Mr. Hayden notes that left-wing activists were accusing the NSA of intercepting all communications while critics in Congress said it wasn’t doing enough to blow up every terrorist plot.

“The irony was powerful: NSA was an agency that was simultaneously being accused of omnipotence and incompetence. It was going deaf and it was reading all of your emails,” he says.

But he abandoned such wry observations when he wrote of the NSA’s bleak budgets of the 1990s. The number of cellphones in the country had ballooned from 16 million to 741 million. The Internet exploded from a few million users to 361 million. Yet on that day in 2000, the NSA crashed.

“Now all those pillars were crumbling,” he said. “Still one of the largest employers in the state of Maryland, NSA had lost 30 percent of its budget and an equivalent slice of its workforce during the 1990s. And instead of one backward, oligarchic, technologically inferior, slow-moving adversary, the agency found itself trying to deploy against elusive terrorist groups, drug cartels, and rogue states, all using cellphones, the Internet and modern communications technology. And that was in addition to the full slate of traditional targets like Russia and China and North Korea.”

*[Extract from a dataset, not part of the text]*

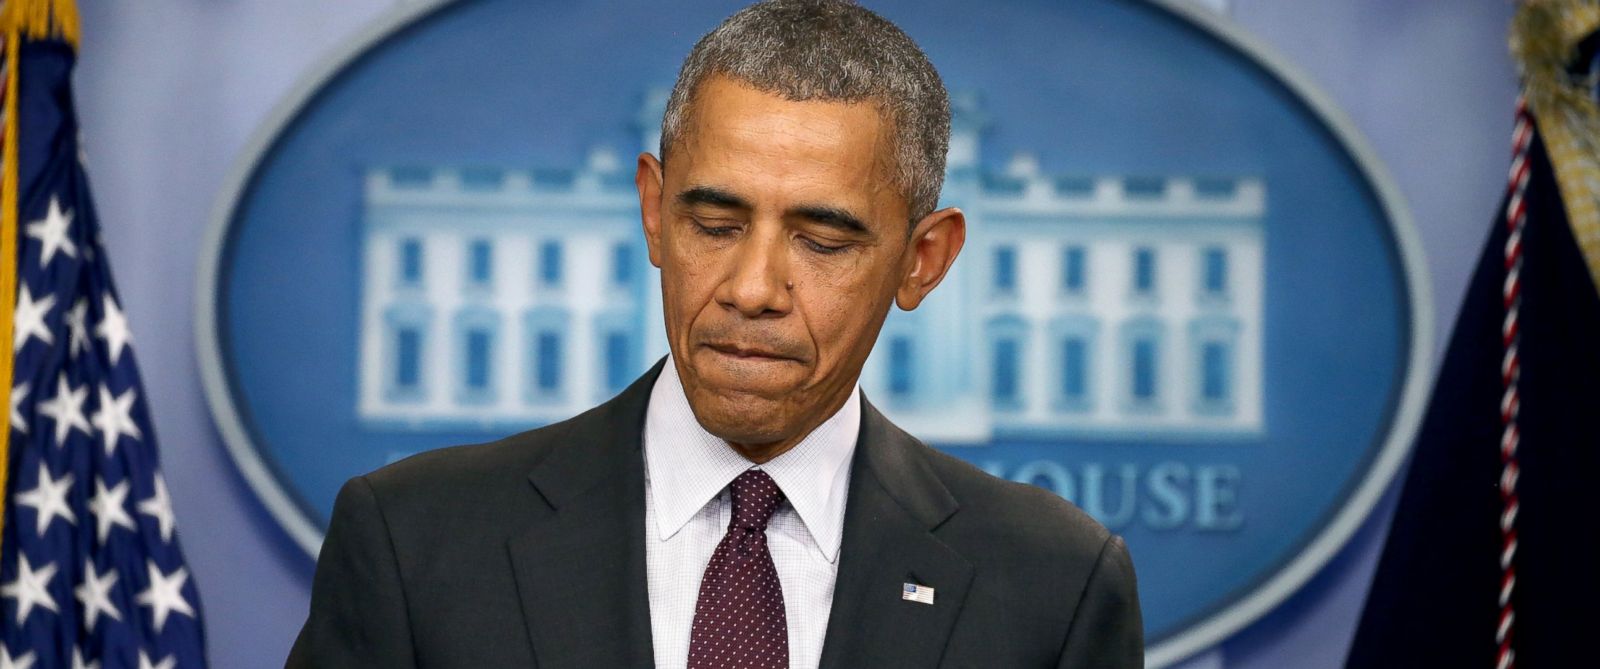 PHOTO: President Barack Obama speaks at a press conference, Oct. 1, 2015, in Washington.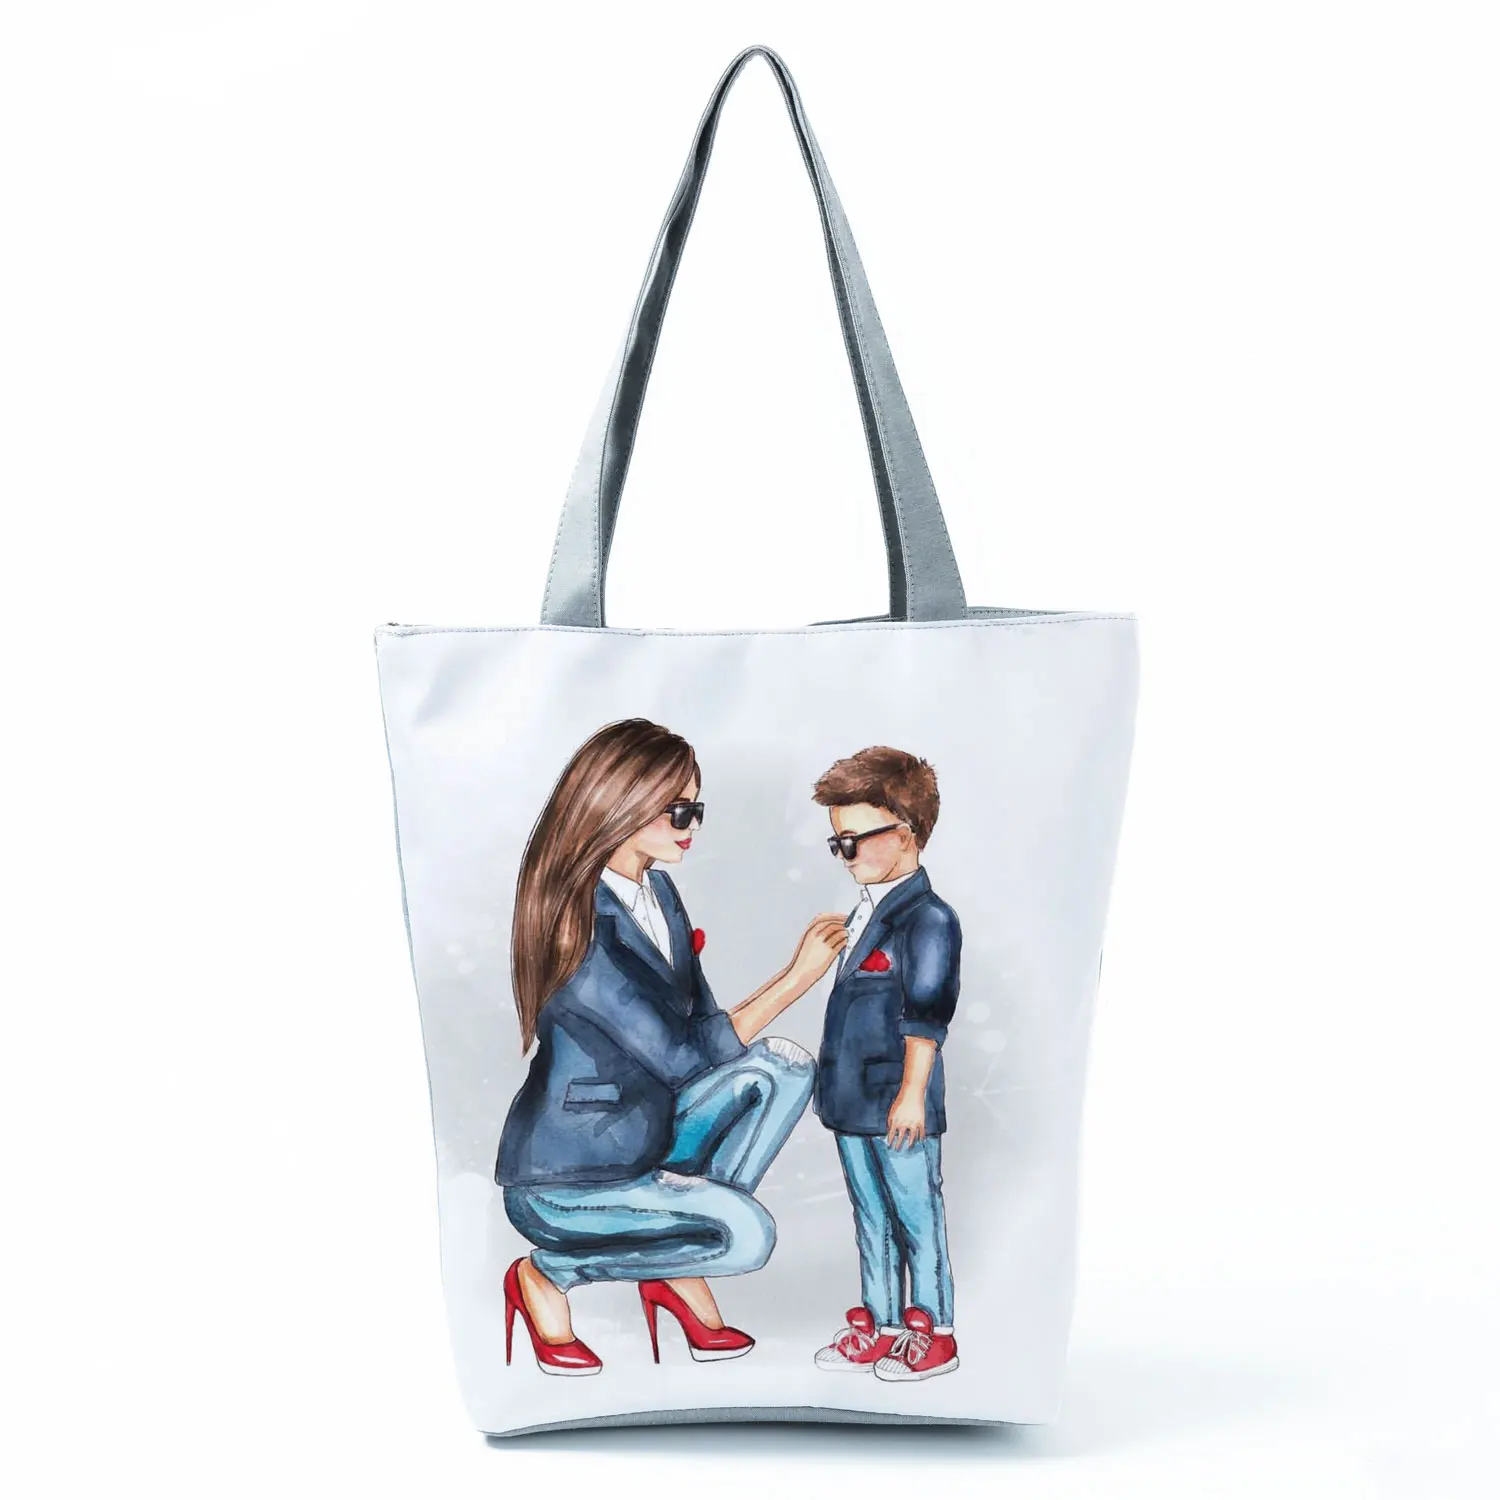 Cute Cartoon Super Mama Print Tote Bag Reusable Shoulder Bags Mom and Baby Folding Women Casual Handbags Portable Shopping Bag wristlet bag Totes

He further describes the chaos: “Signals Intelligence, or SIGINT, is a continuous process, a kind of espionage production line where communications are collected, processed, analyzed and reported 24 hours a day. At that moment satellites and earthbound collection points around the world were still intercepting communications, their vast take — telephone calls, faxes, radio signals — still pouring into memory buffers. But once in hand, the data froze. We couldn’t move it. Nobody could access it. Nobody could analyze it.”